Repeat the records word for word.

[Records drawn from a dataset]
* * * * * * *
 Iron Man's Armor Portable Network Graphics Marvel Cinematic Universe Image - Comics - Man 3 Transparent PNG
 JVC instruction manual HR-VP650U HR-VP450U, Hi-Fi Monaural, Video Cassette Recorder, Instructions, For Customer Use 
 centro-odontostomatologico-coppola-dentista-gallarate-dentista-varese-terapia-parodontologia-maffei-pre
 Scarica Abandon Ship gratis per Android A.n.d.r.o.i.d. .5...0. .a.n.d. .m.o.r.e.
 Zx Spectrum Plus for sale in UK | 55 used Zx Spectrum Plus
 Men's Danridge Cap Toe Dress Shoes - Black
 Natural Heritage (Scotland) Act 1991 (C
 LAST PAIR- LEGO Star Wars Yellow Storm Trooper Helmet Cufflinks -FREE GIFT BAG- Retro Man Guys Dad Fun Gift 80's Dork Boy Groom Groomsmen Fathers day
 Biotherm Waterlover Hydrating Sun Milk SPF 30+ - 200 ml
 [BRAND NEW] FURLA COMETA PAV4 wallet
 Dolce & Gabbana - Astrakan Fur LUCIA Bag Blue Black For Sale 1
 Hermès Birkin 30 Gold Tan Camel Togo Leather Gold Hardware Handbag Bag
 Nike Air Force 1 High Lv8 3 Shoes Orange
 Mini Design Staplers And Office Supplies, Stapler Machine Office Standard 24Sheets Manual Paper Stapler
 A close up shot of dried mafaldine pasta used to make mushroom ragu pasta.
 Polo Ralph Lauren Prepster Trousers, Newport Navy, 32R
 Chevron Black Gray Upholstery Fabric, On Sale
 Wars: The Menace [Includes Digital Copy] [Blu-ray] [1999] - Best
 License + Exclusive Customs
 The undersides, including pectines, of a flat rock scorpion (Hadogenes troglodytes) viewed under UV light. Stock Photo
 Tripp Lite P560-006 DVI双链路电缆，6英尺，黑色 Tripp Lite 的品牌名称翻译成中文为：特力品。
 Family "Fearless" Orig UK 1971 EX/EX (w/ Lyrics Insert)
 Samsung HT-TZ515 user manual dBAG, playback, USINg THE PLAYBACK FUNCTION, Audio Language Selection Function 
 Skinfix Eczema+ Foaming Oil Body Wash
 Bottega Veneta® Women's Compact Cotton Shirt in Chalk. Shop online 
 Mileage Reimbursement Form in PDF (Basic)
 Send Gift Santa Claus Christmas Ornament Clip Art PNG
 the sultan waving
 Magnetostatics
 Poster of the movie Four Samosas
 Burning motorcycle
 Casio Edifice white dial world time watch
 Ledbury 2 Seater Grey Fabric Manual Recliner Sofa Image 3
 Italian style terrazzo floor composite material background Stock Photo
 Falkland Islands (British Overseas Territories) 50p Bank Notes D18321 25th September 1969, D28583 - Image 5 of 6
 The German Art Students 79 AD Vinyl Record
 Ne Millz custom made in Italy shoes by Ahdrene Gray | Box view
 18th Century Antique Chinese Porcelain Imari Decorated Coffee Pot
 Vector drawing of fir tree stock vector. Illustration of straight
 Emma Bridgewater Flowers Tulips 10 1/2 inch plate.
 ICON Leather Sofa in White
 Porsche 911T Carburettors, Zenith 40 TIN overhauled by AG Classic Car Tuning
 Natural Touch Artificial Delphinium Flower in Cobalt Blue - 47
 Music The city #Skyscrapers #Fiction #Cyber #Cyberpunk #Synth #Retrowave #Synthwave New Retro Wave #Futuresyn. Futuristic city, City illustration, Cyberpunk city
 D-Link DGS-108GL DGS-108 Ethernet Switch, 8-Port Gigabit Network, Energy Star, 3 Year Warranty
* * * * * * *
### ANSWER SPACE
 Iron Man's Armor Portable Network Graphics Marvel Cinematic Universe Image - Comics - Man 3 Transparent PNG
 JVC instruction manual HR-VP650U HR-VP450U, Hi-Fi Monaural, Video Cassette Recorder, Instructions, For Customer Use 
 centro-odontostomatologico-coppola-dentista-gallarate-dentista-varese-terapia-parodontologia-maffei-pre
 Scarica Abandon Ship gratis per Android A.n.d.r.o.i.d. .5...0. .a.n.d. .m.o.r.e.
 Zx Spectrum Plus for sale in UK | 55 used Zx Spectrum Plus
 Men's Danridge Cap Toe Dress Shoes - Black
 Natural Heritage (Scotland) Act 1991 (C
 LAST PAIR- LEGO Star Wars Yellow Storm Trooper Helmet Cufflinks -FREE GIFT BAG- Retro Man Guys Dad Fun Gift 80's Dork Boy Groom Groomsmen Fathers day
 Biotherm Waterlover Hydrating Sun Milk SPF 30+ - 200 ml
 [BRAND NEW] FURLA COMETA PAV4 wallet
 Dolce & Gabbana - Astrakan Fur LUCIA Bag Blue Black For Sale 1
 Hermès Birkin 30 Gold Tan Camel Togo Leather Gold Hardware Handbag Bag
 Nike Air Force 1 High Lv8 3 Shoes Orange
 Mini Design Staplers And Office Supplies, Stapler Machine Office Standard 24Sheets Manual Paper Stapler
 A close up shot of dried mafaldine pasta used to make mushroom ragu pasta.
 Polo Ralph Lauren Prepster Trousers, Newport Navy, 32R
 Chevron Black Gray Upholstery Fabric, On Sale
 Wars: The Menace [Includes Digital Copy] [Blu-ray] [1999] - Best
 License + Exclusive Customs
 The undersides, including pectines, of a flat rock scorpion (Hadogenes troglodytes) viewed under UV light. Stock Photo
 Tripp Lite P560-006 DVI双链路电缆，6英尺，黑色 Tripp Lite 的品牌名称翻译成中文为：特力品。
 Family "Fearless" Orig UK 1971 EX/EX (w/ Lyrics Insert)
 Samsung HT-TZ515 user manual dBAG, playback, USINg THE PLAYBACK FUNCTION, Audio Language Selection Function 
 Skinfix Eczema+ Foaming Oil Body Wash
 Bottega Veneta® Women's Compact Cotton Shirt in Chalk. Shop online 
 Mileage Reimbursement Form in PDF (Basic)
 Send Gift Santa Claus Christmas Ornament Clip Art PNG
 the sultan waving
 Magnetostatics
 Poster of the movie Four Samosas
 Burning motorcycle
 Casio Edifice white dial world time watch
 Ledbury 2 Seater Grey Fabric Manual Recliner Sofa Image 3
 Italian style terrazzo floor composite material background Stock Photo
 Falkland Islands (British Overseas Territories) 50p Bank Notes D18321 25th September 1969, D28583 - Image 5 of 6
 The German Art Students 79 AD Vinyl Record
 Ne Millz custom made in Italy shoes by Ahdrene Gray | Box view
 18th Century Antique Chinese Porcelain Imari Decorated Coffee Pot
 Vector drawing of fir tree stock vector. Illustration of straight
 Emma Bridgewater Flowers Tulips 10 1/2 inch plate.
 ICON Leather Sofa in White
 Porsche 911T Carburettors, Zenith 40 TIN overhauled by AG Classic Car Tuning
 Natural Touch Artificial Delphinium Flower in Cobalt Blue - 47
 Music The city #Skyscrapers #Fiction #Cyber #Cyberpunk #Synth #Retrowave #Synthwave New Retro Wave #Futuresyn. Futuristic city, City illustration, Cyberpunk city
 D-Link DGS-108GL DGS-108 Ethernet Switch, 8-Port Gigabit Network, Energy Star, 3 Year Warranty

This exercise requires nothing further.